まずは、チョコレートが大好きな友人と出会ったこと。
その子と話をしているうちにチョコレートに興味が湧いて、僕が京都に進学した年にオープンした『DARI K(ダリケー)』というお店でアルバイトをしました。
『ダリケー』、恥ずかしながら名前だけは聞いたことがあります…。
どのようなチョコレートを作っているお店なんでしょうか?
簡単にいうと日本で「Bean to Bar チョコレート」を始めた先駆けのお店です。
初めて食べた時の感動や、理念に共感してお手伝いをさせてもらっていたのですが、その流れで20歳の時にインドネシアにあるスラウェシ島という島のカカオ農園にも連れて行ってもらいました。
スラウェシ島、初めて聞いた名前です…!
実際に見に行かれて、いかがでしたか?
カカオ豆って、当たり前だけど人が作ったものなんだなということを実感しました。お父さんがカカオを収穫して、お母さんが料理を作って、子どもたちはカカオの森で遊んでバナナを食べたりココナッツを取ったり…。日本でチョコレートを作っているだけじゃ見えてこない人々の暮らしや営みがそこにありました。

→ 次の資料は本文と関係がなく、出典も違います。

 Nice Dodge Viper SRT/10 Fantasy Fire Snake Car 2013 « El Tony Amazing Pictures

私も『美観堂』で働いていて感じることがあるのですが、実際に作り手さんの顔を拝見したり、製造過程に触れたりすると、「この商品に込められた思いをしっかりと伝えなきゃ!」と背筋がシャンとします。
ちゃいさんは、現地の暮らしを見て、何か思われたことはありましたか?
カカオ豆を扱う責任みたいなものを感じました。
元々、「将来はお店を作りたい!」と思っていたのですが、生産者の人に何らかの形で貢献できるような仕組みを作ったり、カカオのストーリーなども伝えたりしたいなと。

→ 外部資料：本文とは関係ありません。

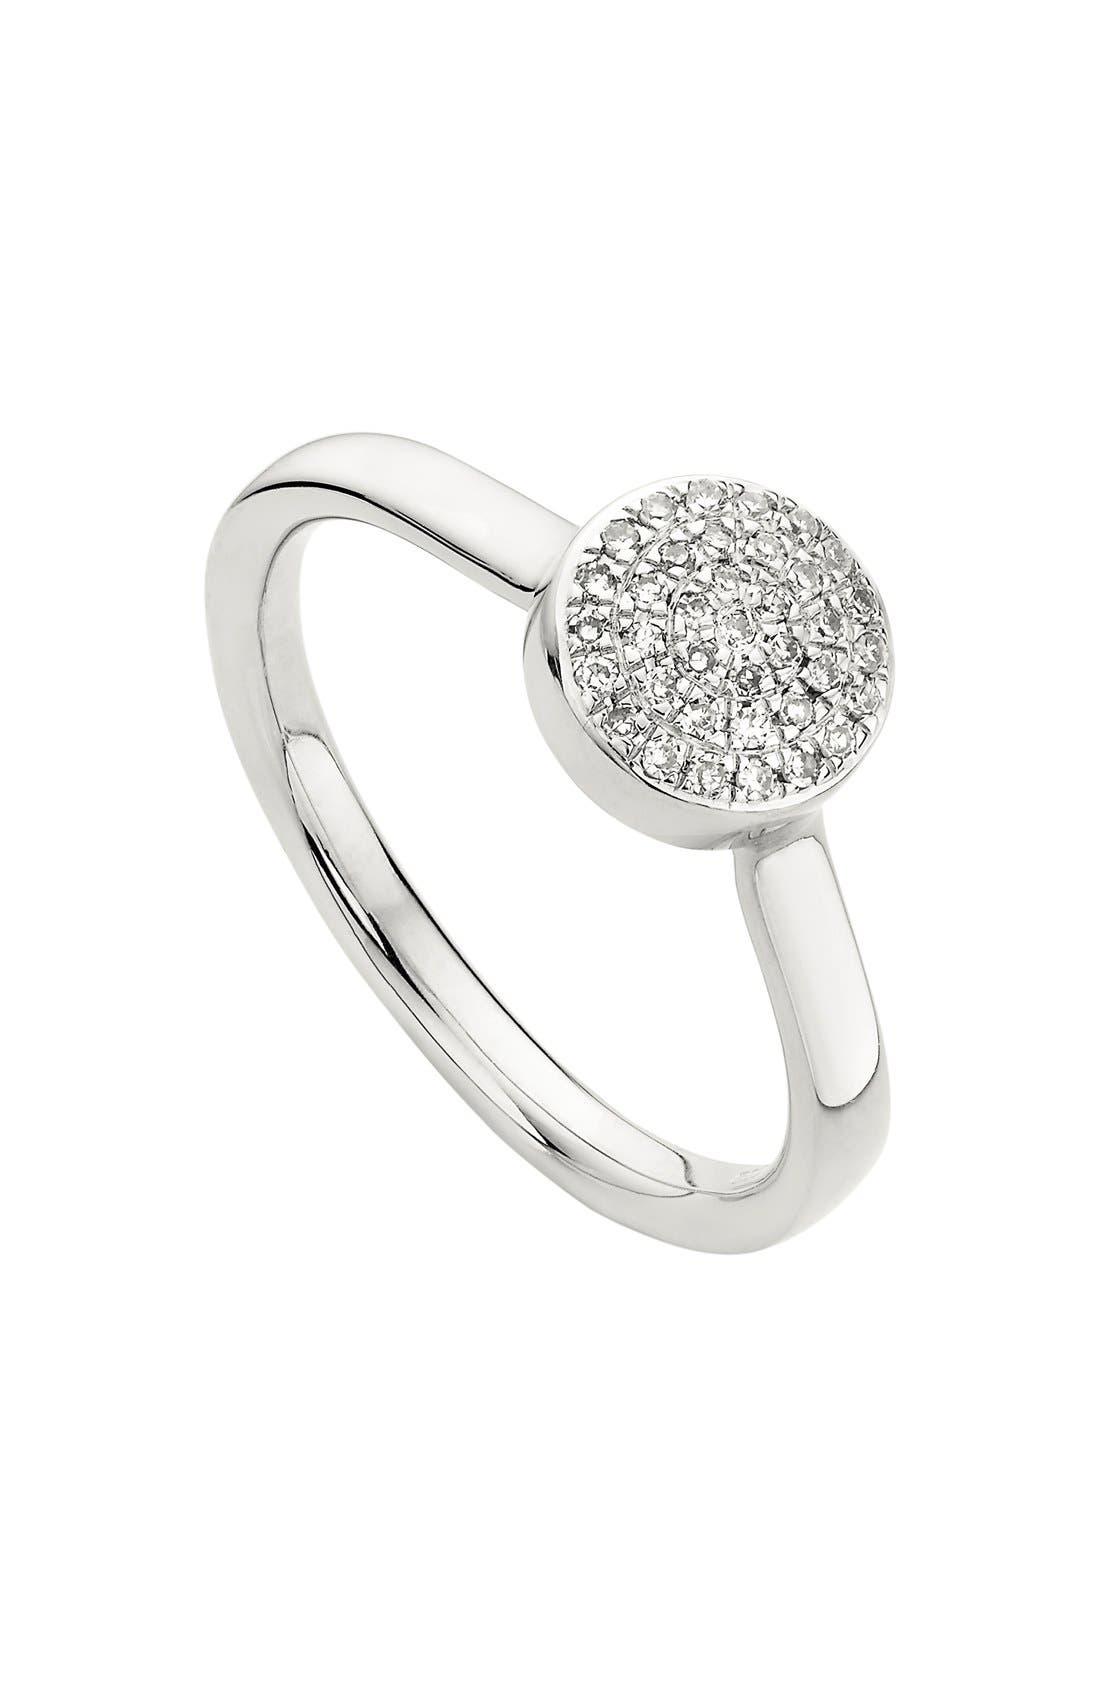 MONICA VINADER Ava Diamond Button Ring, Main, color, SILVER

大きくいうと、自分の事業を通して何らかの社会貢献ができるようになりたいと思いました。
この経験は、ちゃいさんの中でとても大きなものとなり、製菓専門学校卒業後は、そのまま『ダリケー』に就職されました。
その後、同じお店で出会った奥様と結婚し、地域おこし協力隊として奥様の地元である岡山県倉敷市にお引っ越し。
今は、ご夫婦のチョコレートショップ『SUNCACAO』を運営されながら、『美観堂』の姉妹店である『はれもけも』の店長も勤められています!
“ ゼロウェイスト ” を実行するため、実店舗をオープン
2018年7年のスタート以来、店舗は持たず、イベント出店や卸などで活動してきた『SUNCACAO』さん。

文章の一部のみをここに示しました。